La risa de Raúl fue puro cinismo, tan áspera que ella dio un paso atrás.
—¡No te engañes, querida! No hay amargura, eso no es lo que siento. La verdad es que no siento nada, nada en absoluto. Excepto quizá un cierto alivio porque rechazaras mi propuesta de matrimonio. Odio pensar en lo que mi vida sería ahora si hubieras aceptado: un infierno en vida, supongo.
—¡Entonces los dos debemos agradecer que no haya ocurrido! Alannah le escupió las palabras, recalcando cada sílaba con convicción.
—¡Pero no puedes culpar a Chris por mi comportamiento! Él es… era se corrigió con dolor—, una persona muy distinta a mí. Y adoraba a Lori. Nunca le habría hecho daño, no…
El recuerdo de lo ocurrido la asaltó como una ola, secándole la garganta e impidiéndole hablar. Y el terrible brillo que lucía en los ojos de Raúl le hizo saber que él se había dado cuenta y sintió miedo y horror por lo que diría a continuación.
—¿No? —repitió él con voz letal—. ¿No qué, querida? Tu hermano nunca habría hecho daño a Lorena, ¿no…?
Dejó la frase en suspenso, obviamente esperando que ella la completara. Pero Alannah no encontraba las palabras ni la fuerza para decirlas.
—Dímelo.
Sonó como una orden, cargada con la arrogancia de todas las generaciones de aristócratas que habían conformado la dinastía de los Márquez. Era la voz de un hombre que estaba acostumbrado a ser obedecido y esperaba serlo en ese momento. A Alannah empezaron a temblarle las piernas y pensó que le fallarían las rodillas.
—Raúl, por favor… —empezó, pero él la cortó con un gesto imperioso y salvaje.
—¡Dímelo! —ordenó—. Y dime la verdad, toda; me daré cuenta si mientes.
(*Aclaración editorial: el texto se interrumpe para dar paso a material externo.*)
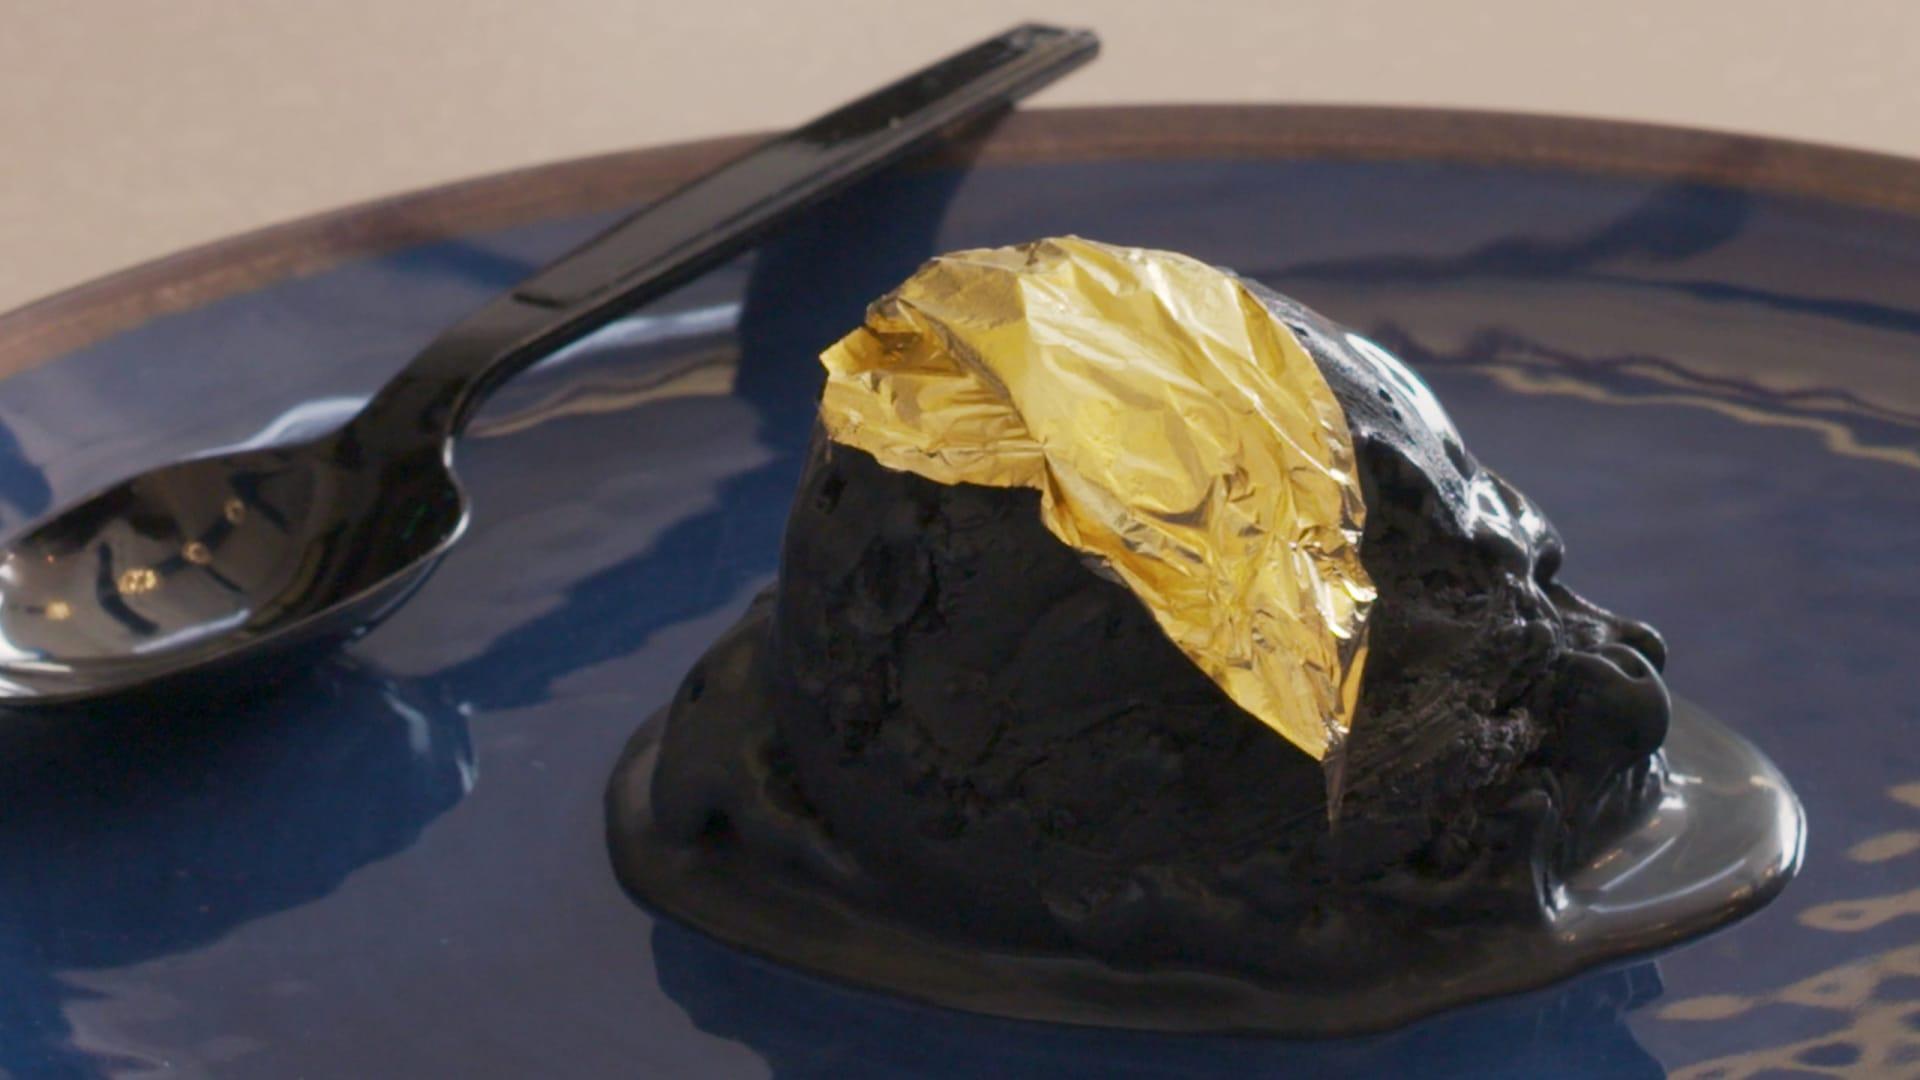 بوظة من الفحم والذهب الصالح للأكل.. كيف مذاقه؟

Alannah no tenía ninguna duda al respecto. No se atrevería a mentirle, por miedo a las consecuencias si lo hacía y él lo descubría después. Tenía una impresionante habilidad para leer la verdad en su rostro y no se habría atrevido a mirarlo a los ojos. Pero no sabía cómo decirle…
—¡Conducía él!
Las palabras eran un eco tan perfecto de lo que estaba pensando, que creyó por un instante haberlas dicho ella. Después comprendió, con horror, que la verdad era peor. Raúl había visto en su expresión las palabras que no se atrevía a decir y se las había escupido a la cara con furia y mirada gélida.
—Tu hermano conducía el coche que mató a Lorena ¿verdad? ¿Verdad? —gritó con brutal una respuesta inmediata.
—Sí… —susurró. Raúl alzó los brazos con un gesto que expresaba perfectamente la violencia de sus pensamientos. Se apartó de ella y empezó a recorrer el salón de un lado a otro, Alannah pensó que parecía un feroz tigre enjaulado, uno demasiado grande y poderoso para estar confinado en su diminuto piso.
—Raúl… —empezó. Pero él sacudió la cabeza con brusquedad.
—No le haría daño —masculló con voz airada—. Oh, no, no le haría daño… ¡simplemente la mató!